__HOW TO COMPLETE THIS TASK__. Output each record exactly as given. Leave out every picture.

++++ EXTRACTED INFORMATION ++++

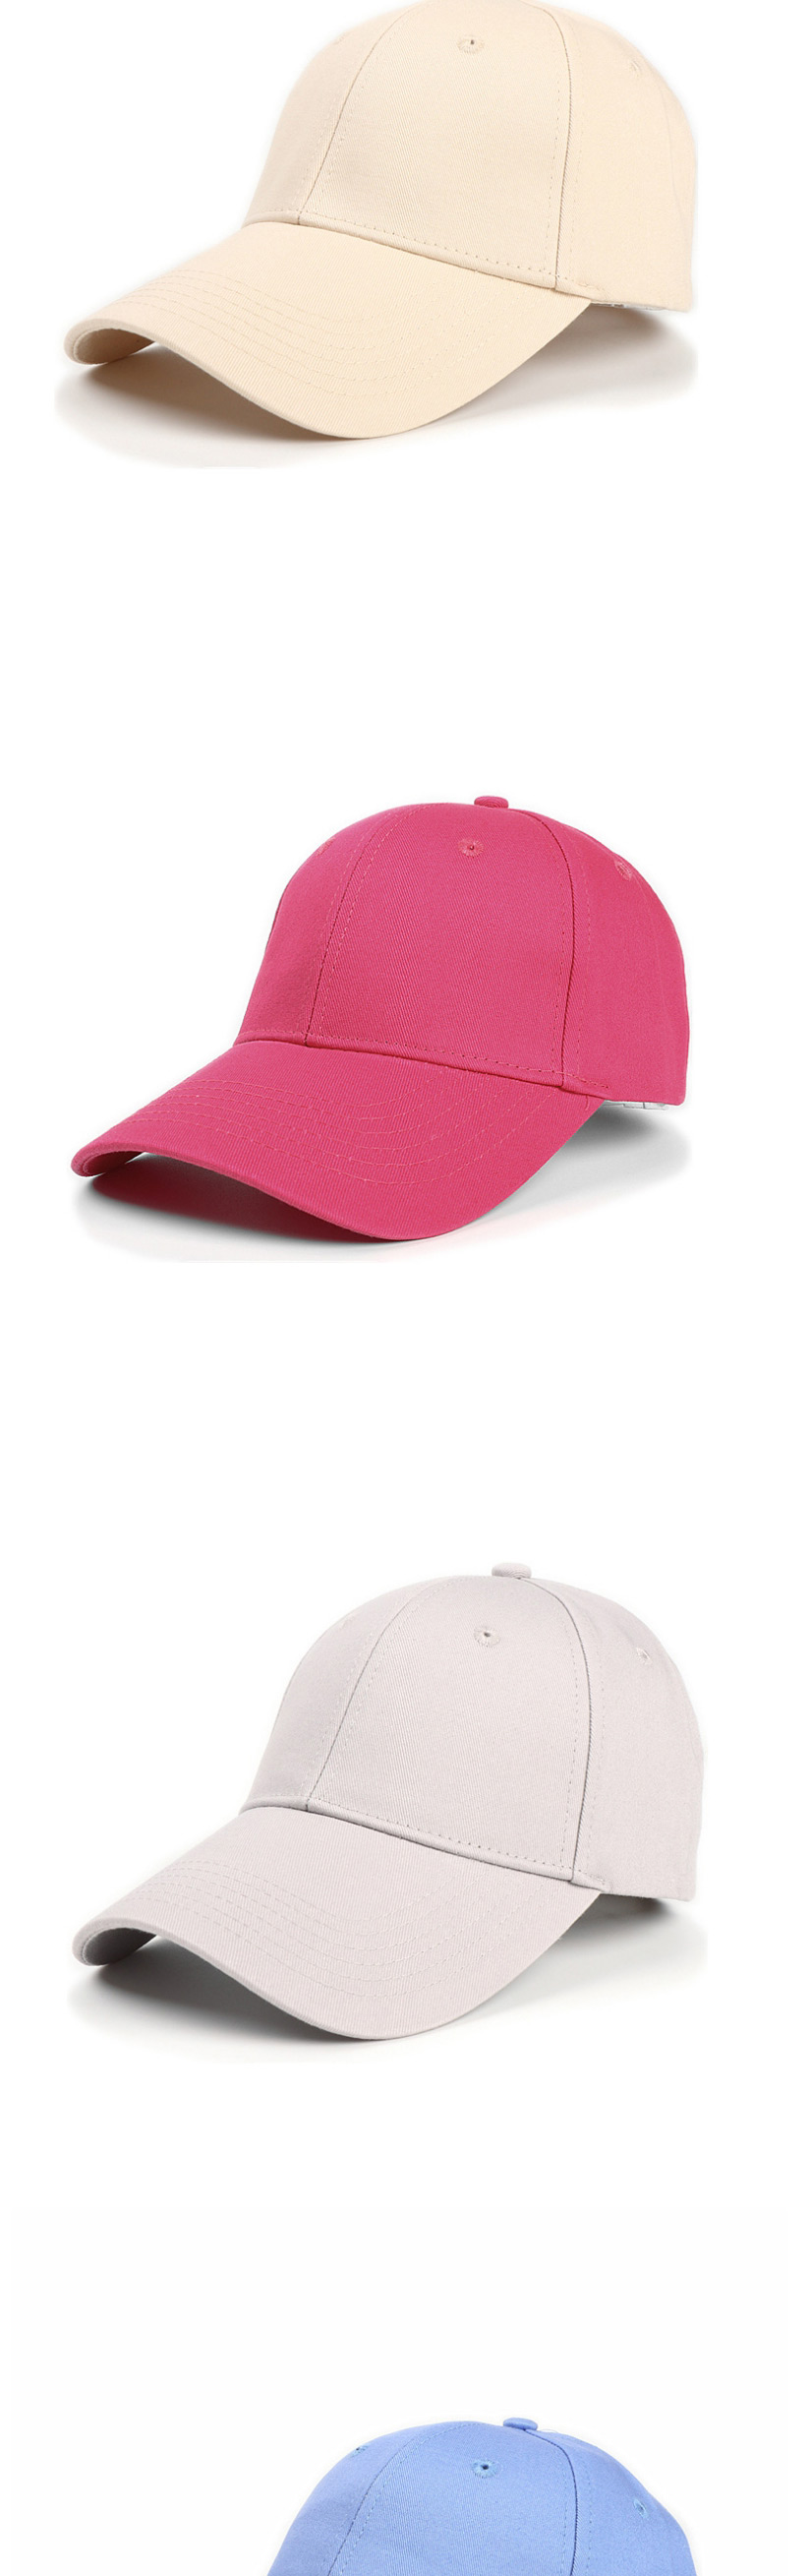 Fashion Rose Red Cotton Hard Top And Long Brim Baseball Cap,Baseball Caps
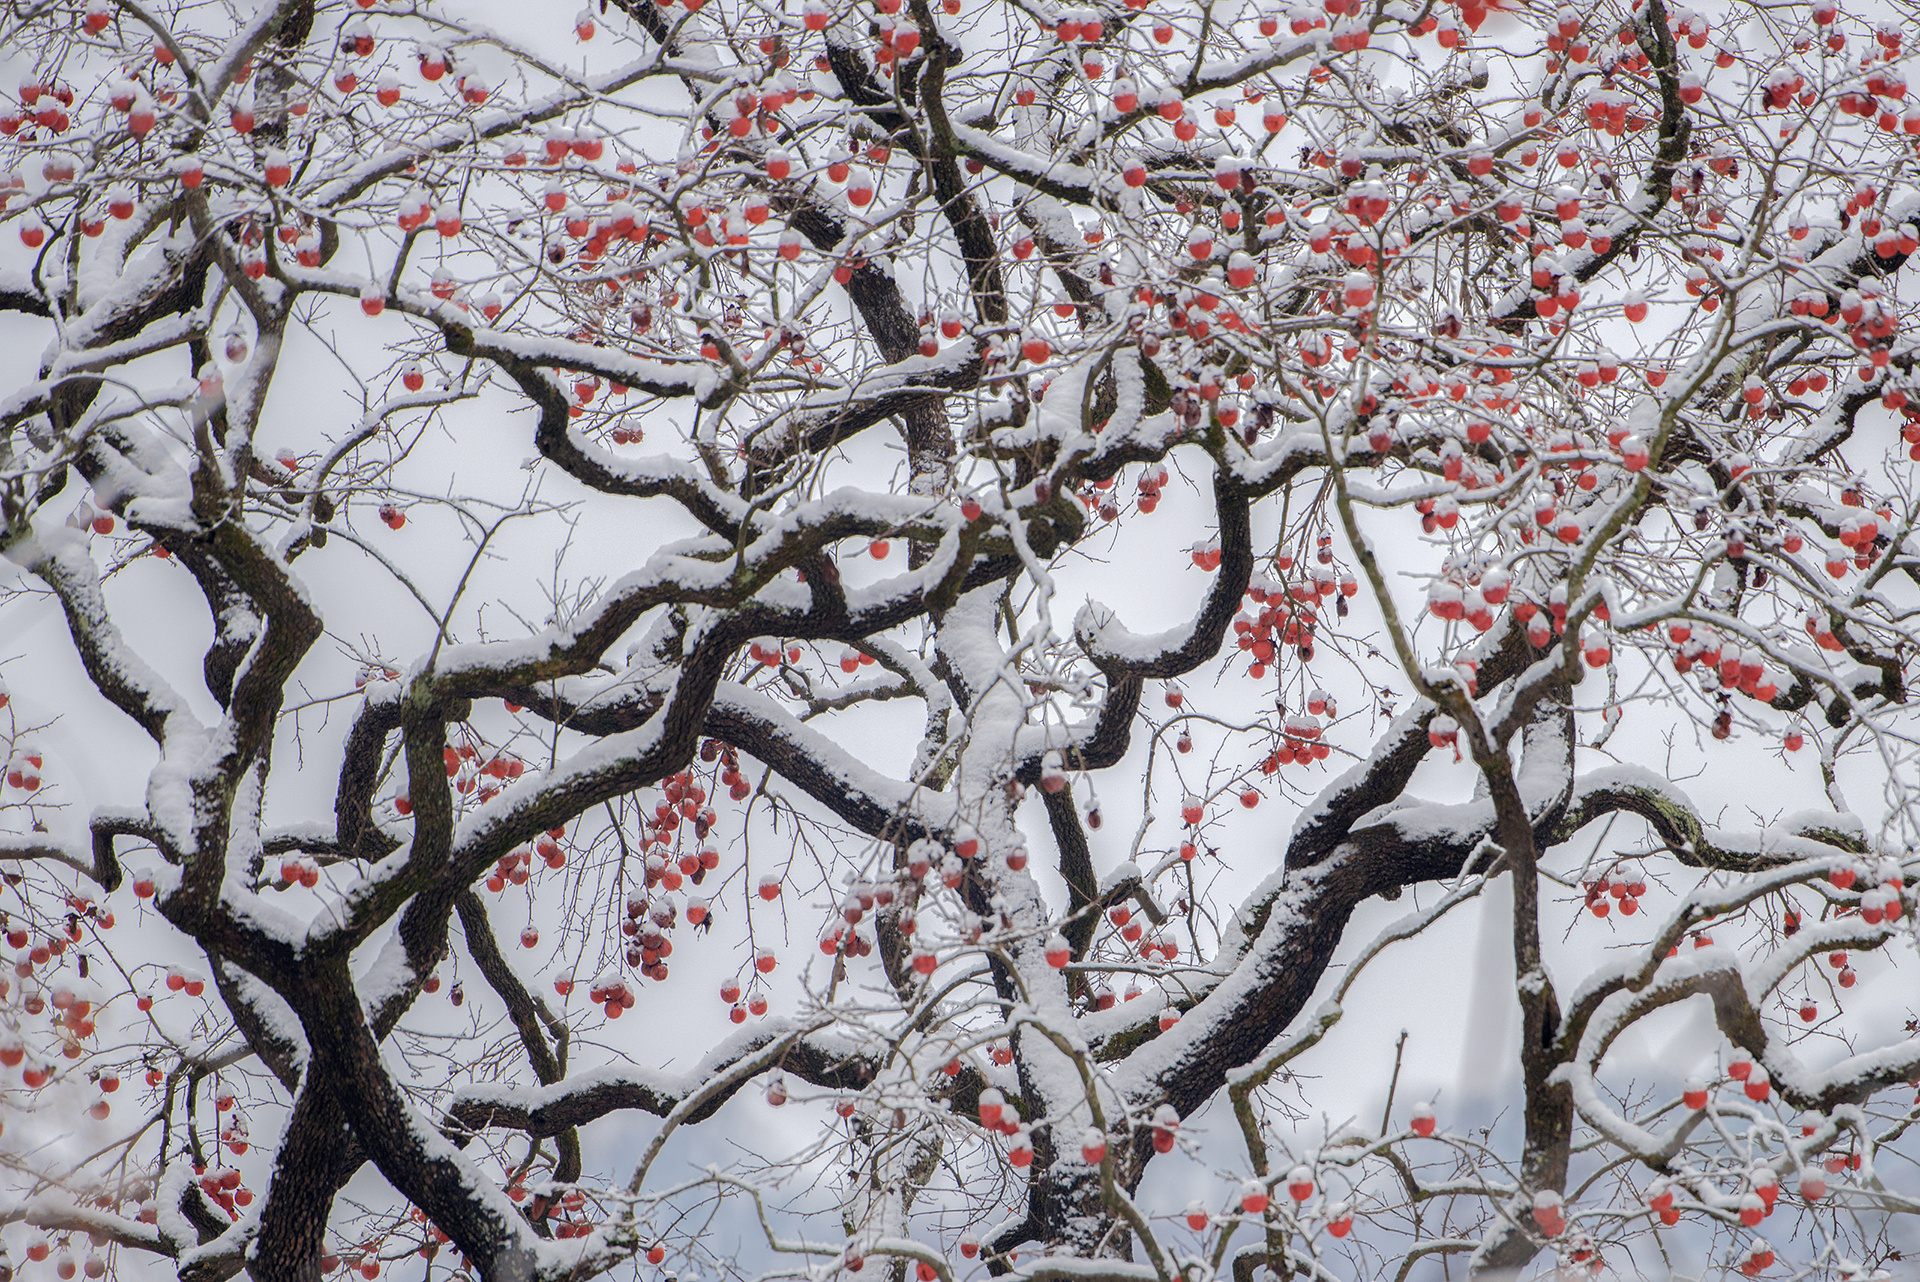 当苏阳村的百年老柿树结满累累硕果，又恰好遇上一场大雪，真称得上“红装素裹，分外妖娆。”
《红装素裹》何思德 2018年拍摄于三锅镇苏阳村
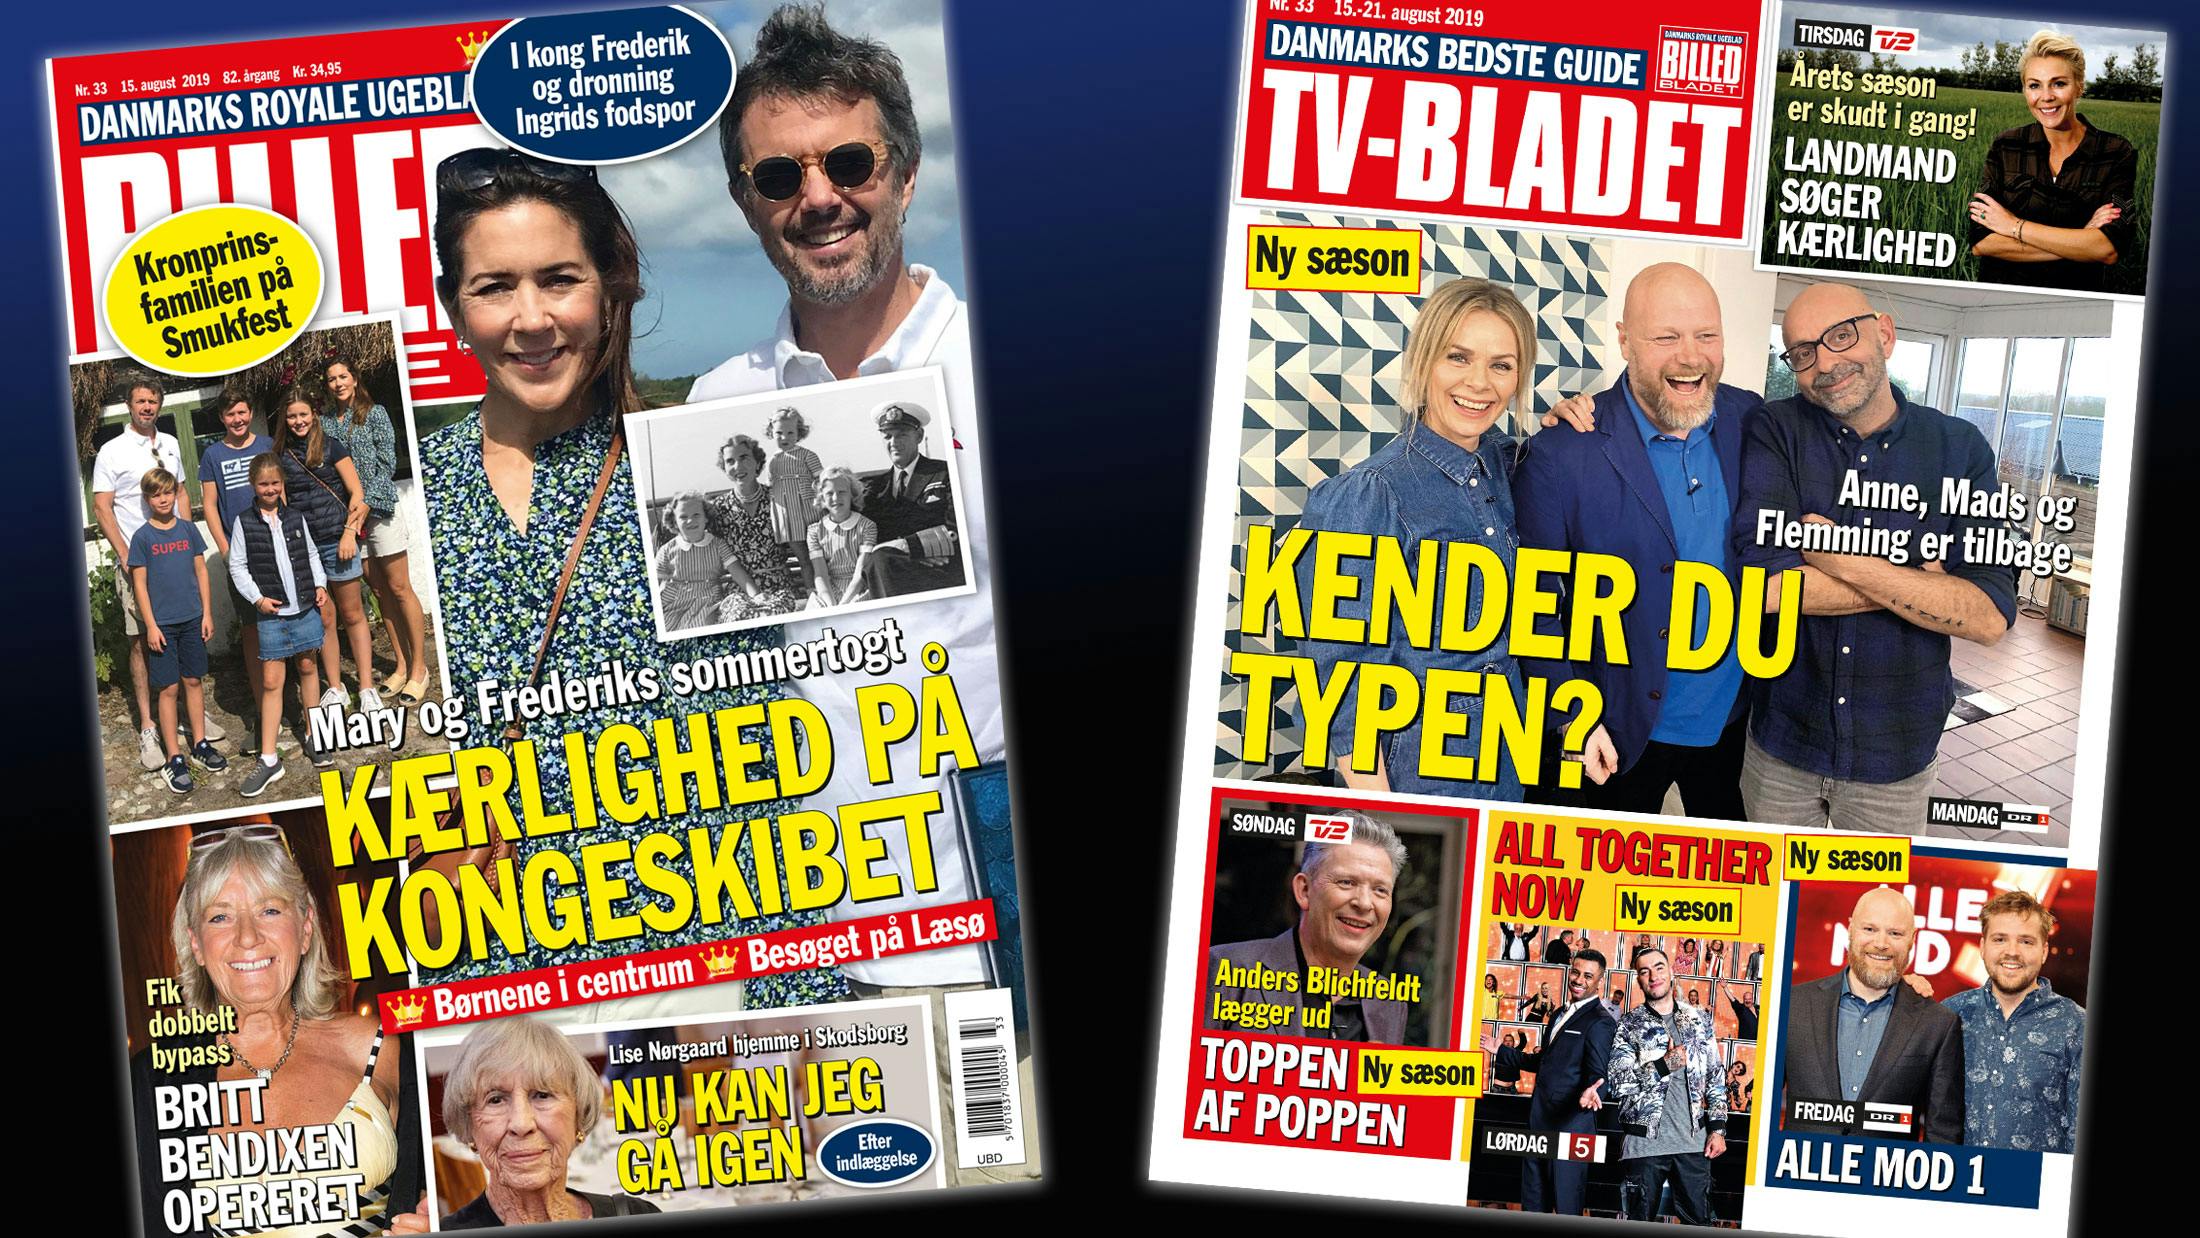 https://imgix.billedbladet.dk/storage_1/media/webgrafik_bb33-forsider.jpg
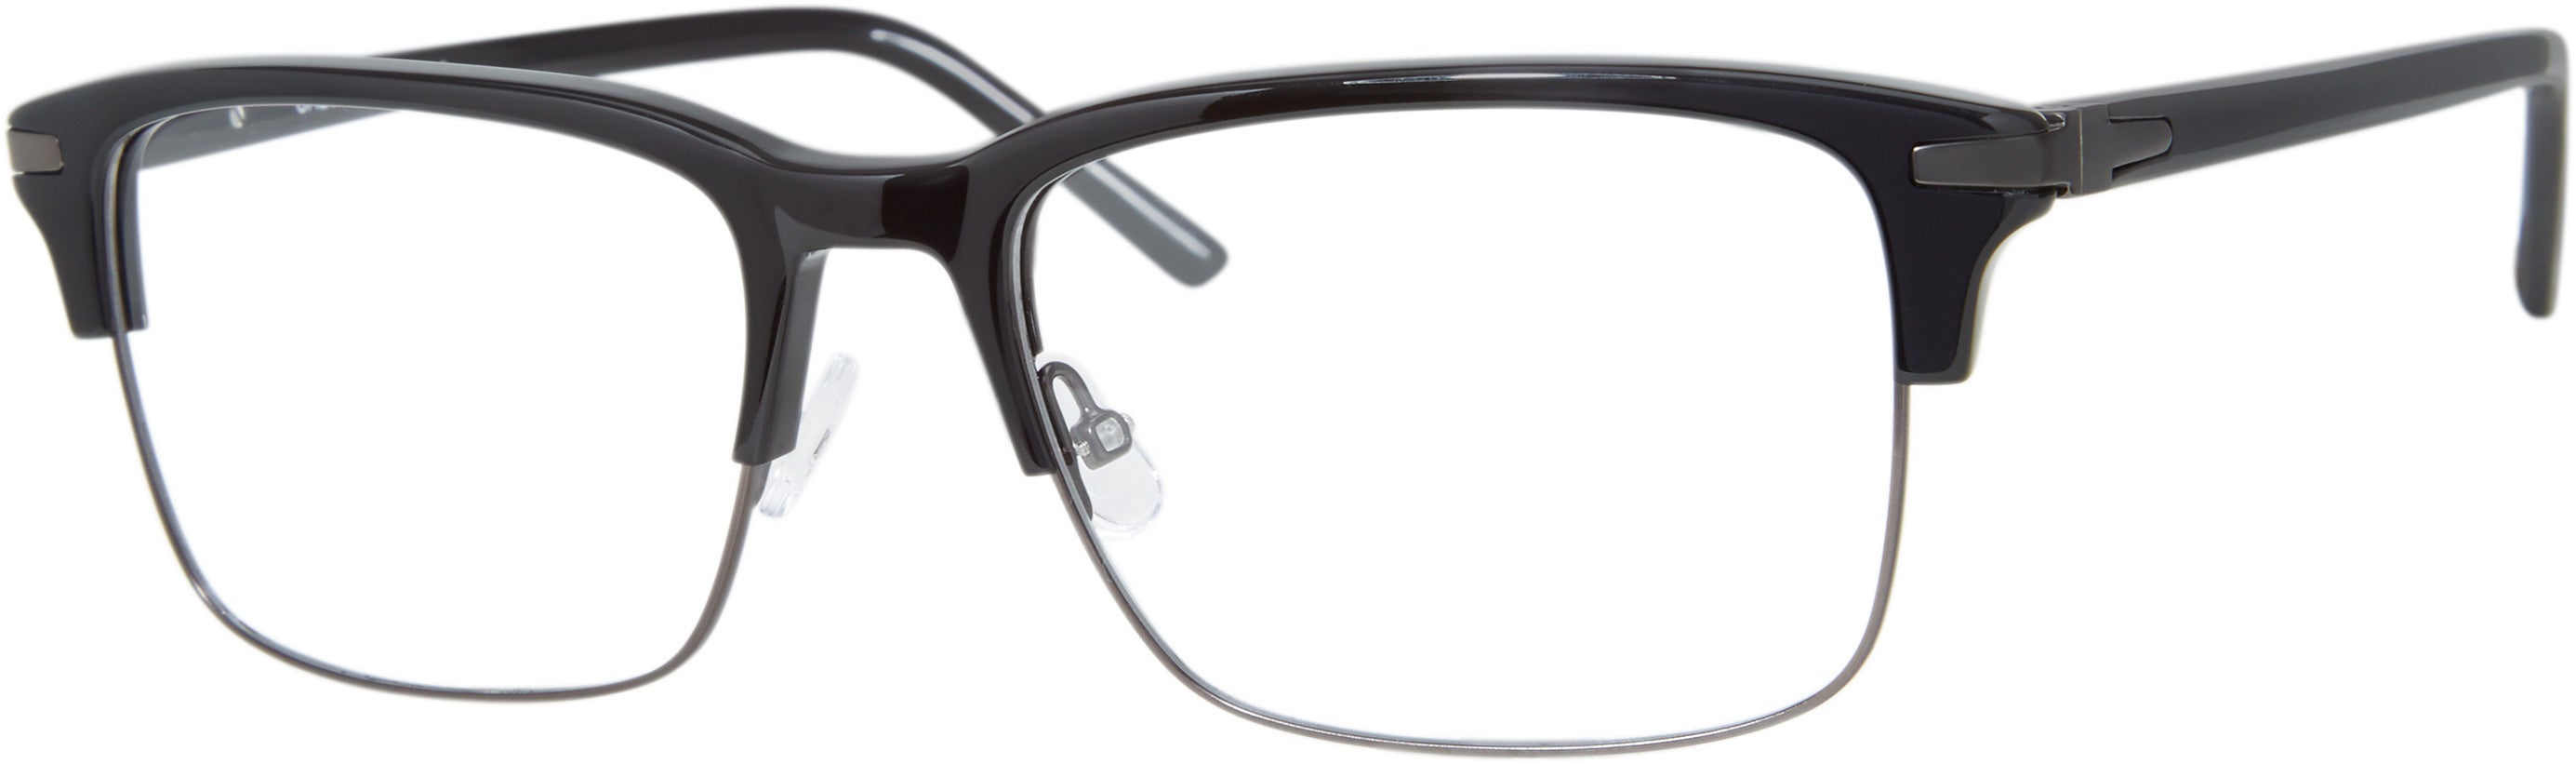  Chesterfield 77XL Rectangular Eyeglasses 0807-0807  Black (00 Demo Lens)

++++

__COMPLETED EXERCISE__.
 Fashion Rose Red Cotton Hard Top And Long Brim Baseball Cap,Baseball Caps
 当苏阳村的百年老柿树结满累累硕果，又恰好遇上一场大雪，真称得上“红装素裹，分外妖娆。”
《红装素裹》何思德 2018年拍摄于三锅镇苏阳村
 https://imgix.billedbladet.dk/storage_1/media/webgrafik_bb33-forsider.jpg
  Chesterfield 77XL Rectangular Eyeglasses 0807-0807  Black (00 Demo Lens)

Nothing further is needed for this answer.